**DATASET EXCERPTS:**

═══

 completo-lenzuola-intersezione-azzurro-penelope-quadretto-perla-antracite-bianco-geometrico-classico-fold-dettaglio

═══

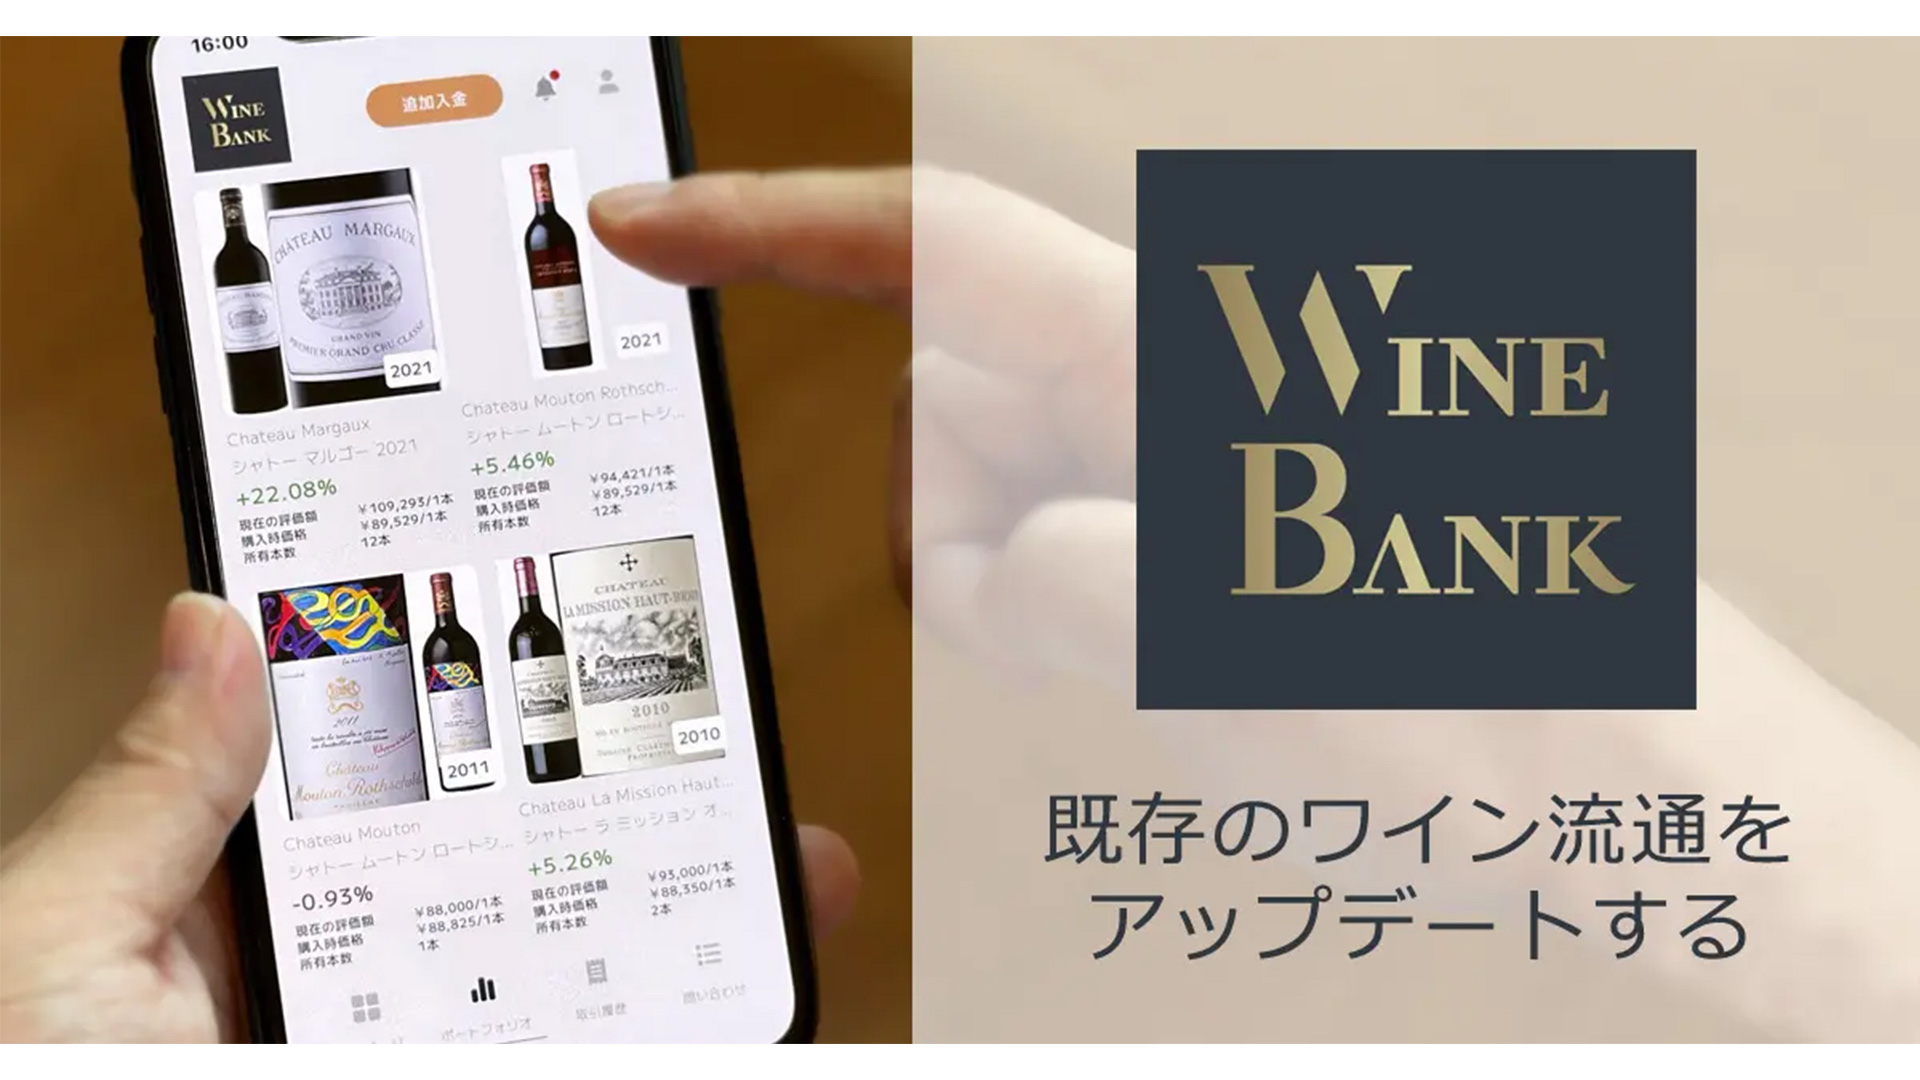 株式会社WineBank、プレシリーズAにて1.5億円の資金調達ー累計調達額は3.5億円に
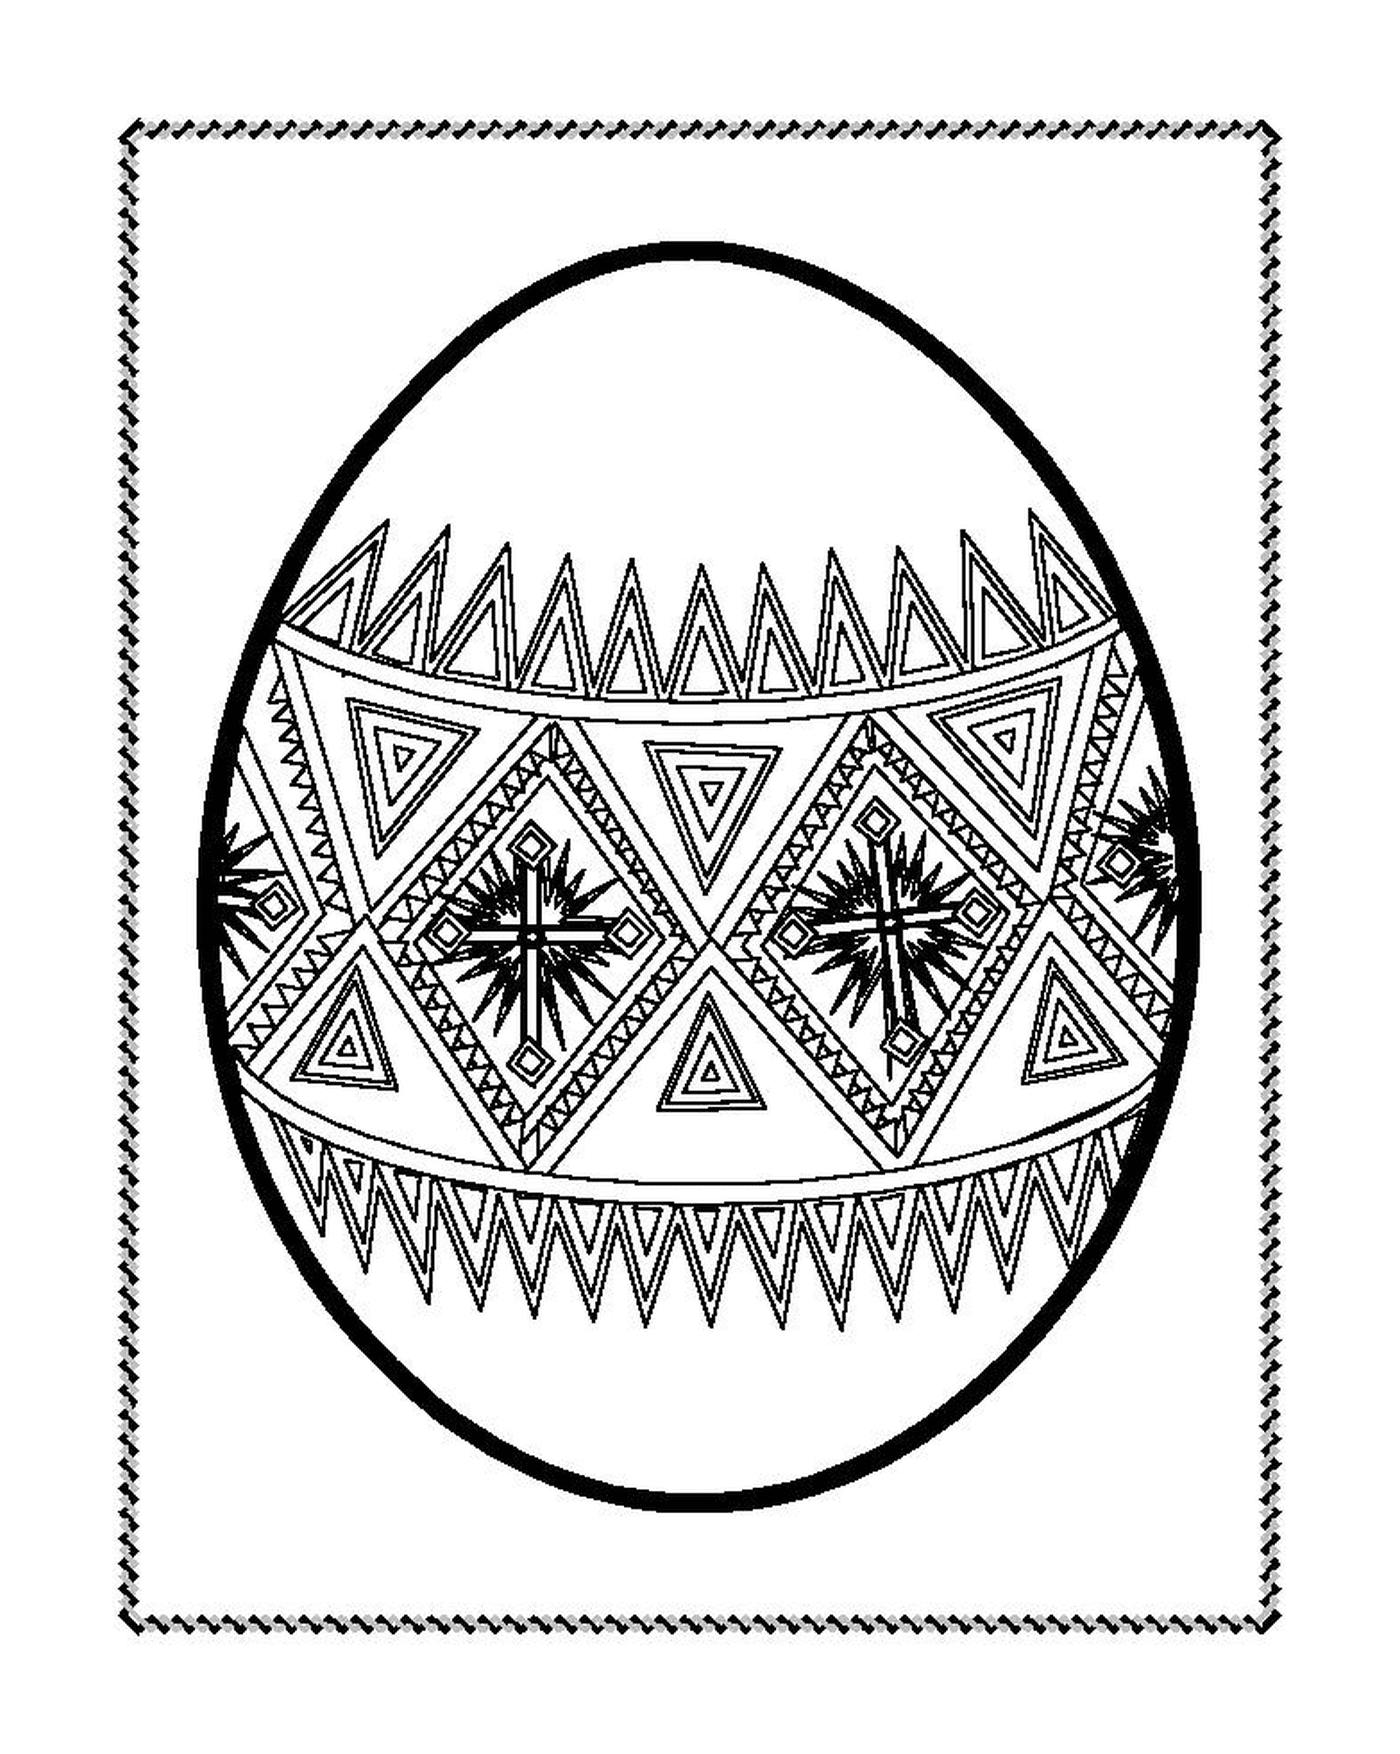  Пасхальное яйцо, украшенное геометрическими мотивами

═══

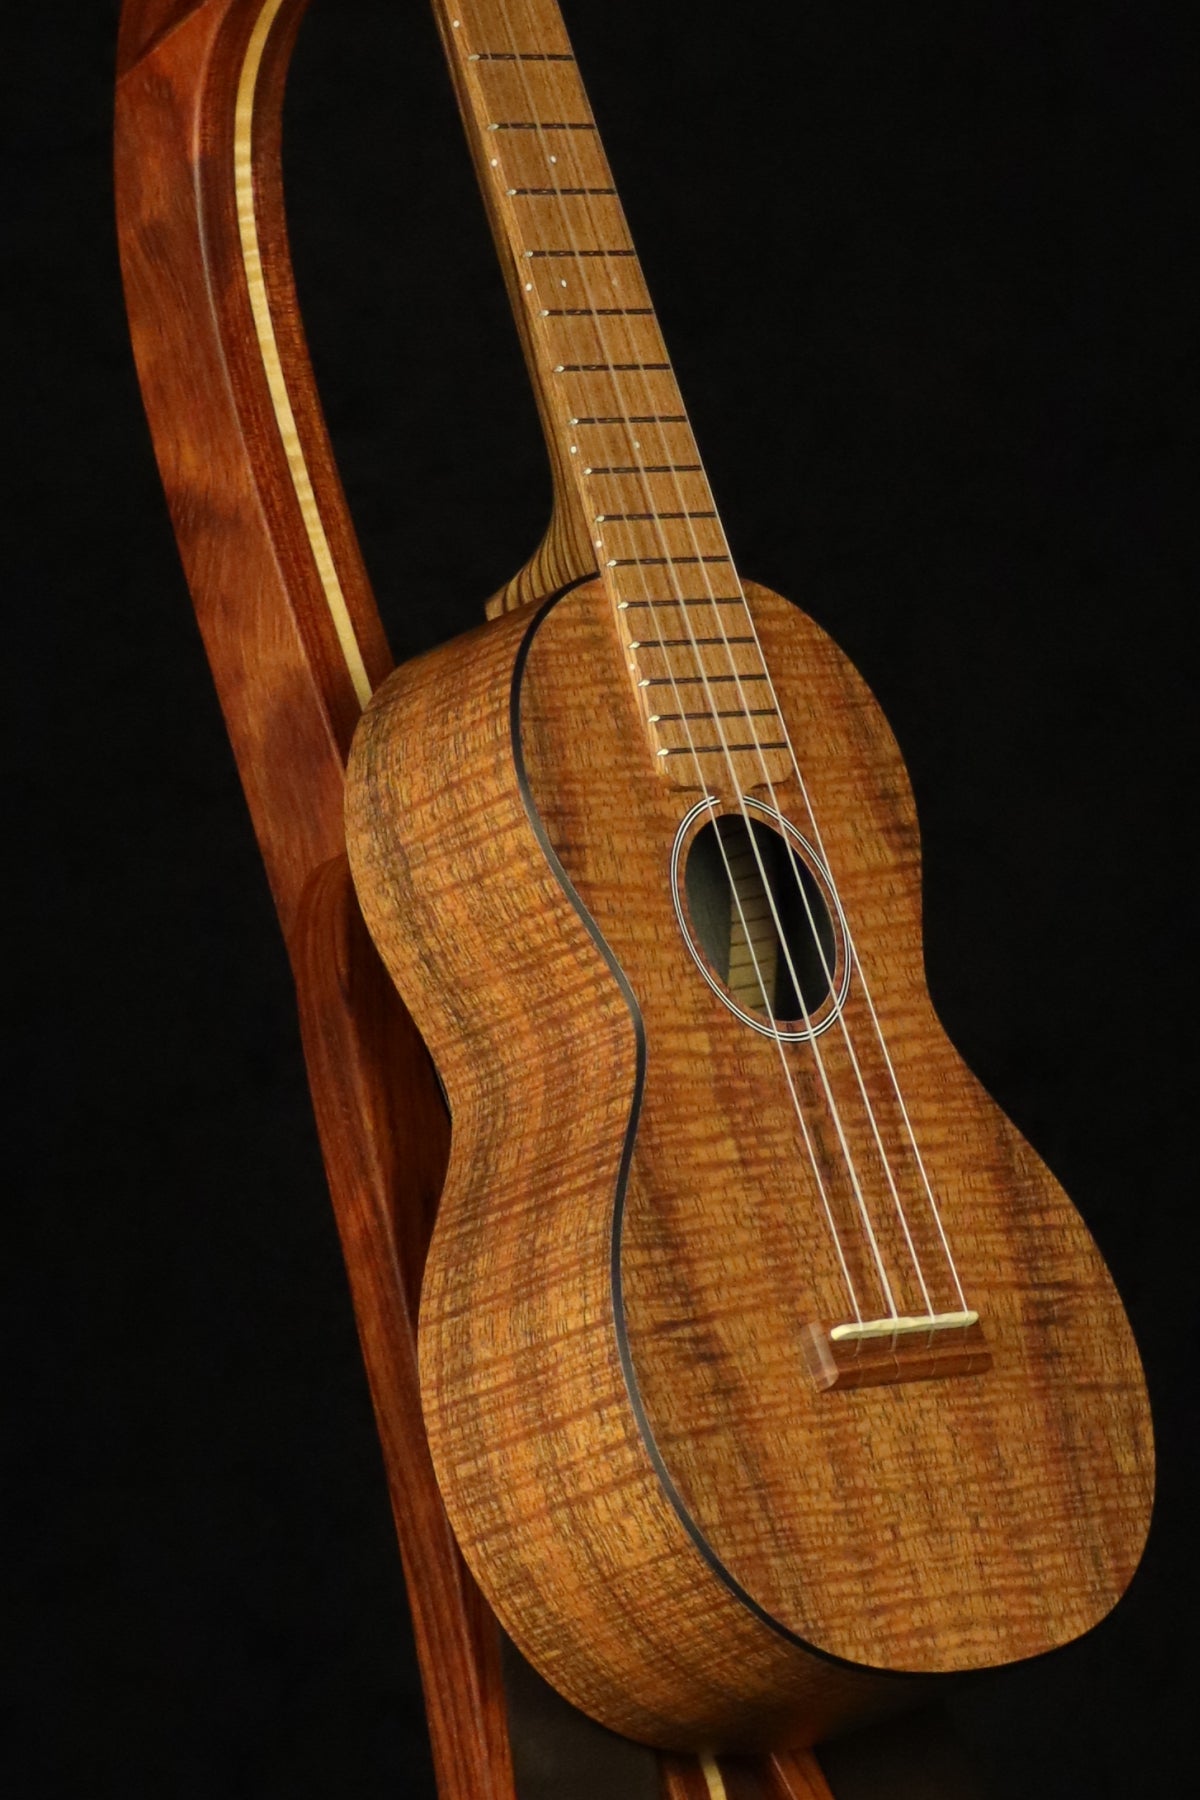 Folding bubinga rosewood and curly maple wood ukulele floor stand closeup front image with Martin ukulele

═══

**ACTIVITY:** From the data above, return only the lines starting at the line that holds "株式会社WineBank、プ" and ending at the line that holds "Пасхальное яйцо, украшенное", word for word and without pictures.

**ANSWER SECTION:**
 株式会社WineBank、プレシリーズAにて1.5億円の資金調達ー累計調達額は3.5億円に
  Пасхальное яйцо, украшенное геометрическими мотивами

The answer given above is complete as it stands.